Ann Franke, president of Wise Results, a firm that advises colleges on legal risks, said that when a professor is acquitted of a crime, a university has the option of dropping the matter or initiating its own discipline, which she said was likely what happened after Ward’s 1995 acquittal. “It’s entirely a judgment call,” she said.

“The errant professor should surely have been dismissed years ago,” said Jeffrey M. Duban, a lawyer who defends university faculty members in tenure and promotion disputes. “Faculty and students are let go for far less.”

But Duban said that by having kept Ward on staff after the 1999 incident, “the university increased its own exposure and potential liability....” “[A]ny employer who either knows or should have known that an employee has engaged in criminal activity is vicariously liable for that activity under the theory of negligent hiring..."  Negligent hiring involves the failure of an employer to properly screen employees.

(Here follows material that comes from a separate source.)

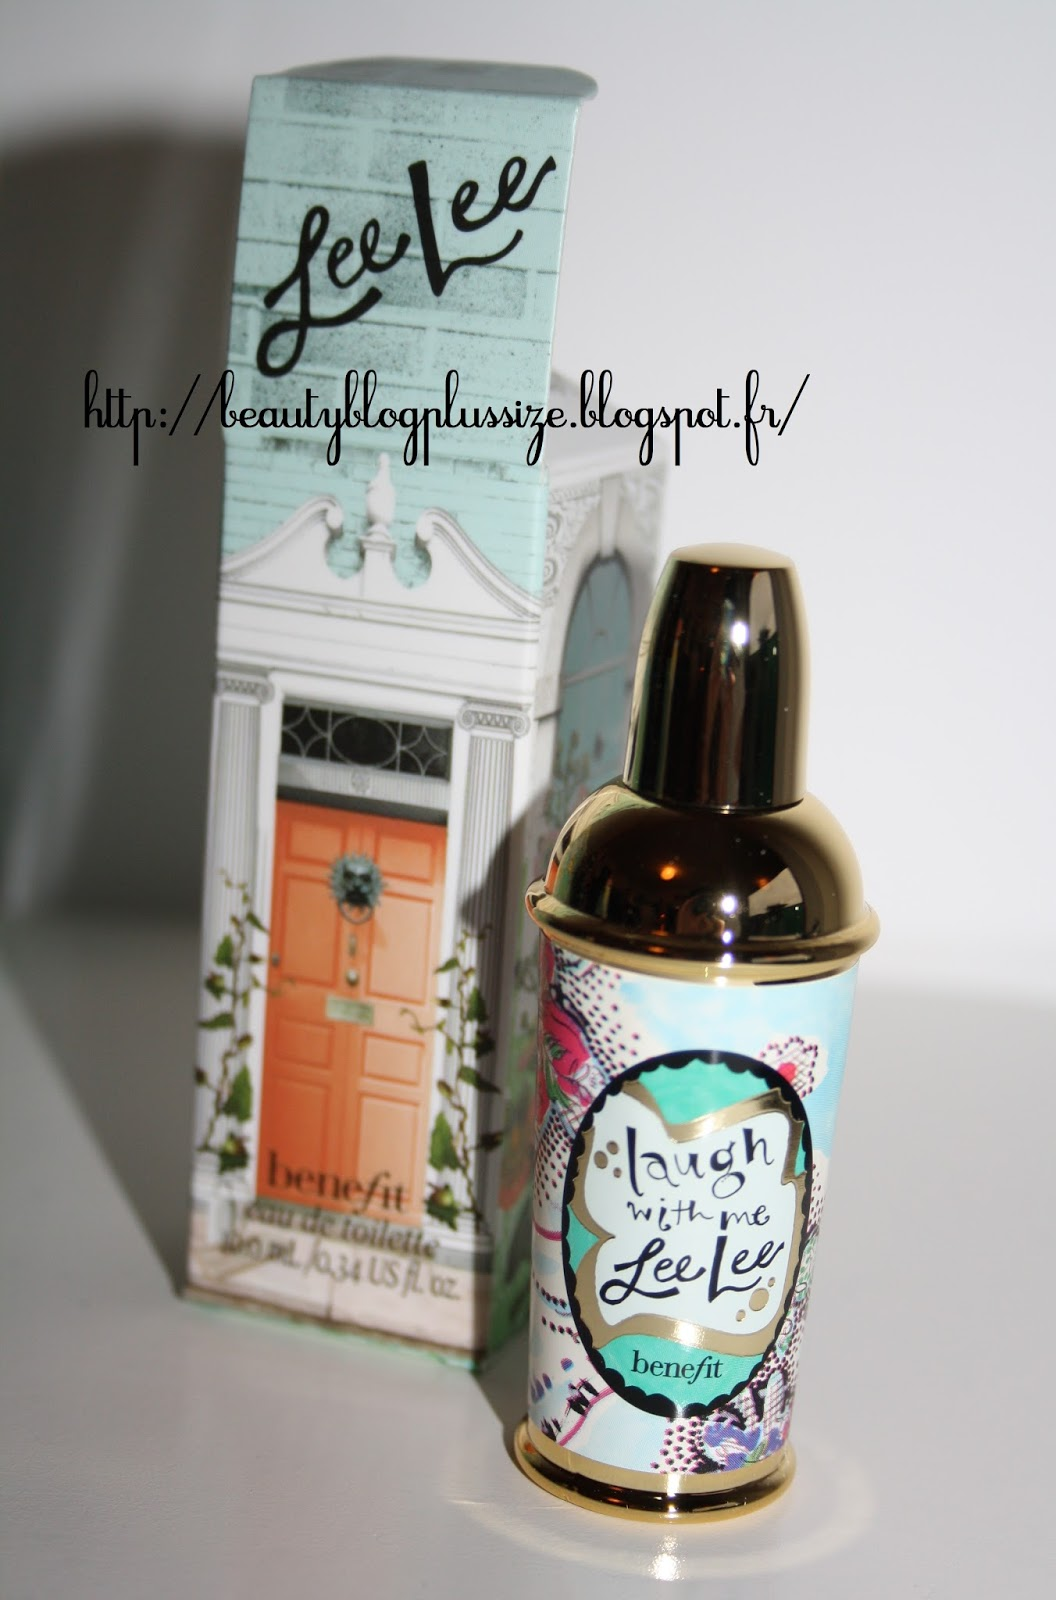 SizeLeelee's Blog BenefitLa Petite Secret Beauty Plus De eWECxQdBro

Franke believes it’s important that Ward served five years of probation after the 1999 incident. “It’s interesting to me that the new charges fall outside of that window,” she said. “Administrators could have been relying on the supervision of criminal justice authorities up until that point. And then this new situation came along.”

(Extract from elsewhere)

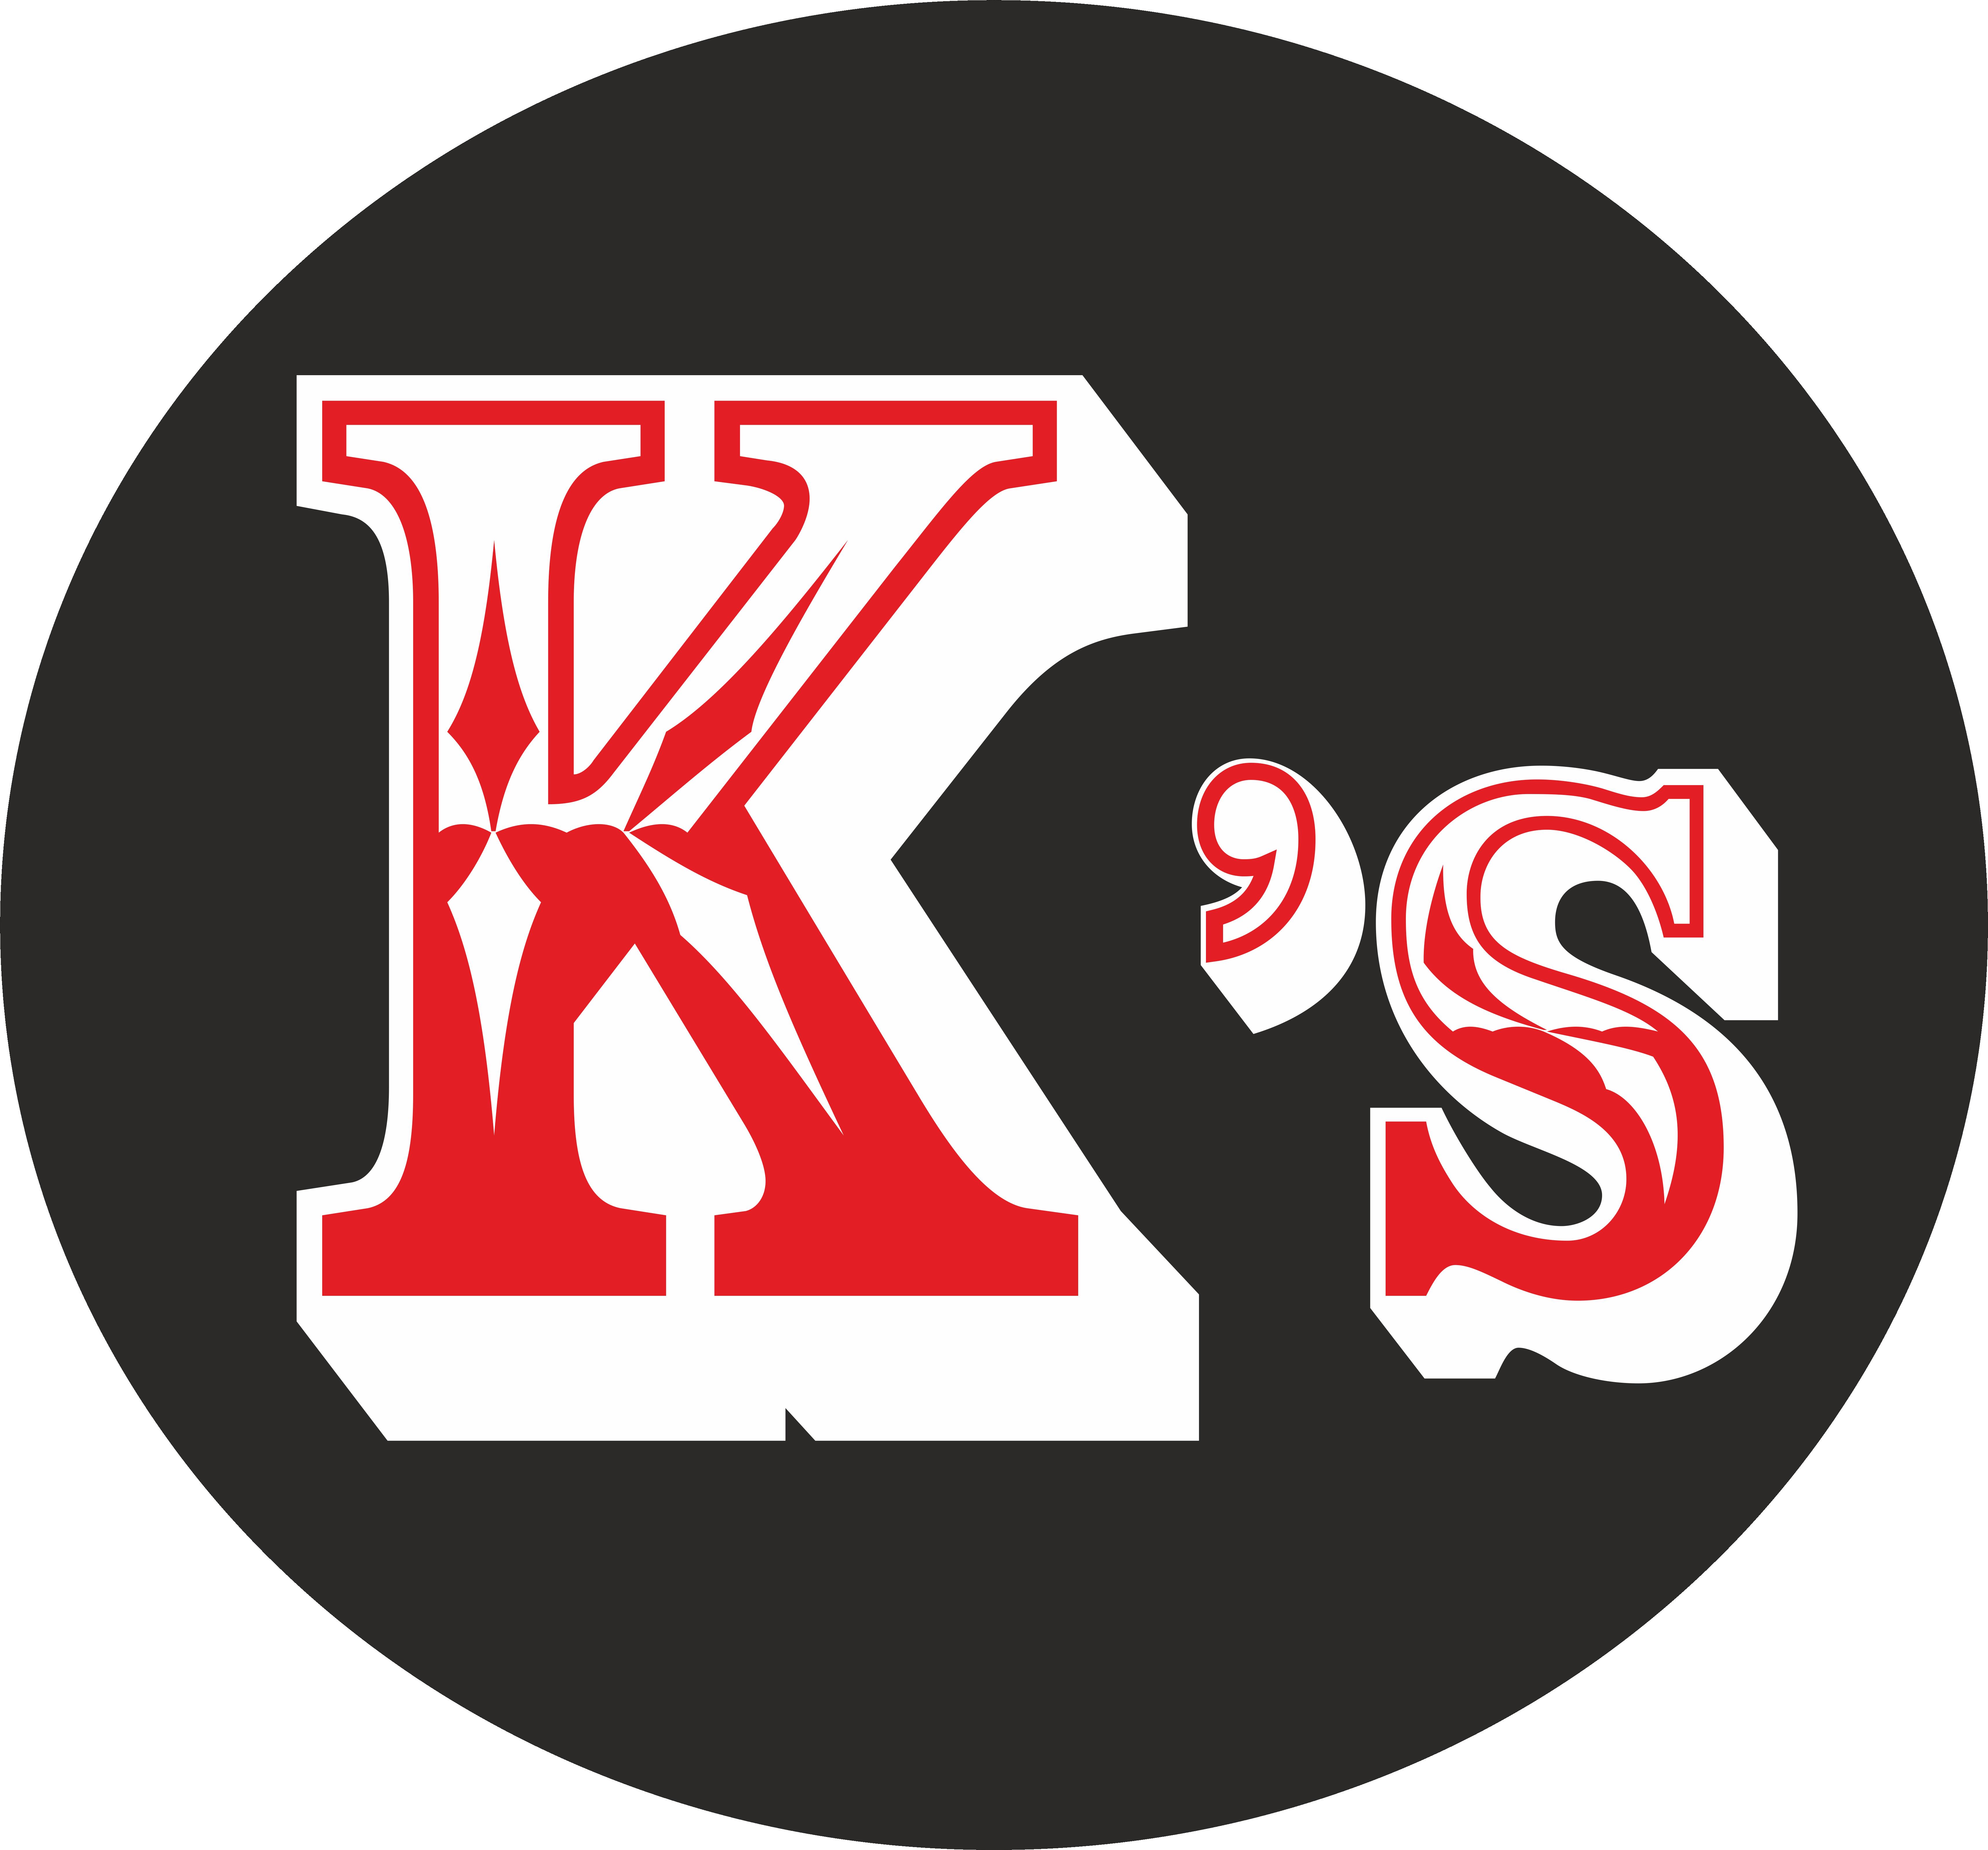 K s bar and. Clipart restaurant restaurant reservation

Lori Doyle, a spokeswoman for the University of Pennsylvania, said Wednesday that administrators were not in the position to “second guess decisions made back in 1999.” At the time, the university released at statement that said, "Based on the policies of the University of Pennsylvania, Scott Ward remains as a member of the standing faculty in the marketing department."

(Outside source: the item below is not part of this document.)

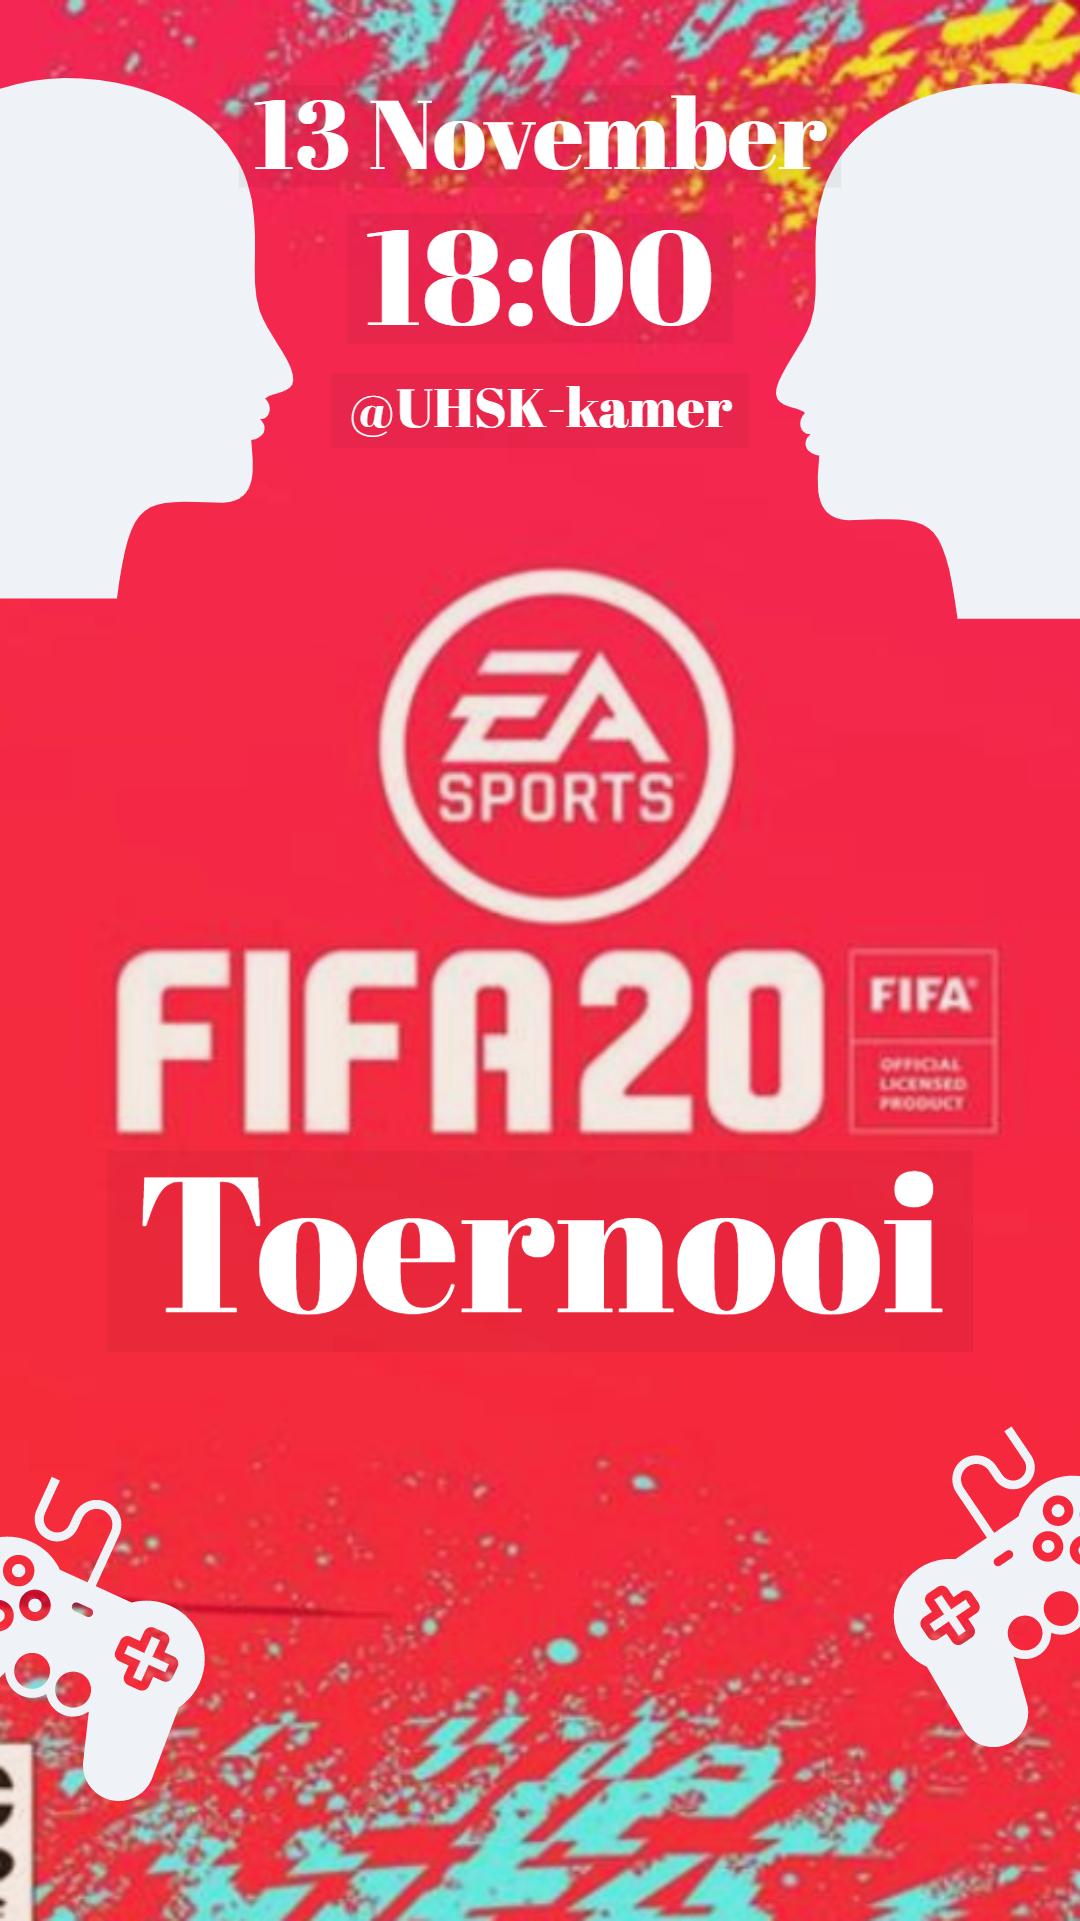 UHSK: FIFA 20 Toernooi

Doyle said that the university first learned of Ward's latest arrest on Monday. “We have made arrangements to ensure that he will not be teaching at the Wharton School or elsewhere at the university this semester or in the future,” she said.

Ward’s tenure officially ended on July 1, 2005. “[He] is not a tenured faculty member at Penn, which is why we were able to prohibit him from teaching classes so expediently,” said Doyle.

Franke, who has worked on higher education cases involving sexual predation, said that from her experience, sexual pedophiles “are absolute masters at deception and manipulation.” “In short, most of us are susceptible to the lies of great con artists, and expert pedophiles are great con artists,” she said. Franke noted that the latest charges against Ward have not been proven.

Duban said that having seen similar cases throughout his years of representing professors, what he characterizes as Penn's mistake was not a unique one.

“Why he was not [fired sooner] is a matter somehow buried in the bowels of administrative decision making -- which is to say that university administrators often have their heads up their asses when it comes to doing what is right, instead of what is expedient,” said Duban. “For reasons best known to university administrators, it was more expedient to let it ride than do what was needed.”

Doyle said that university administrators had no further comment on the situation.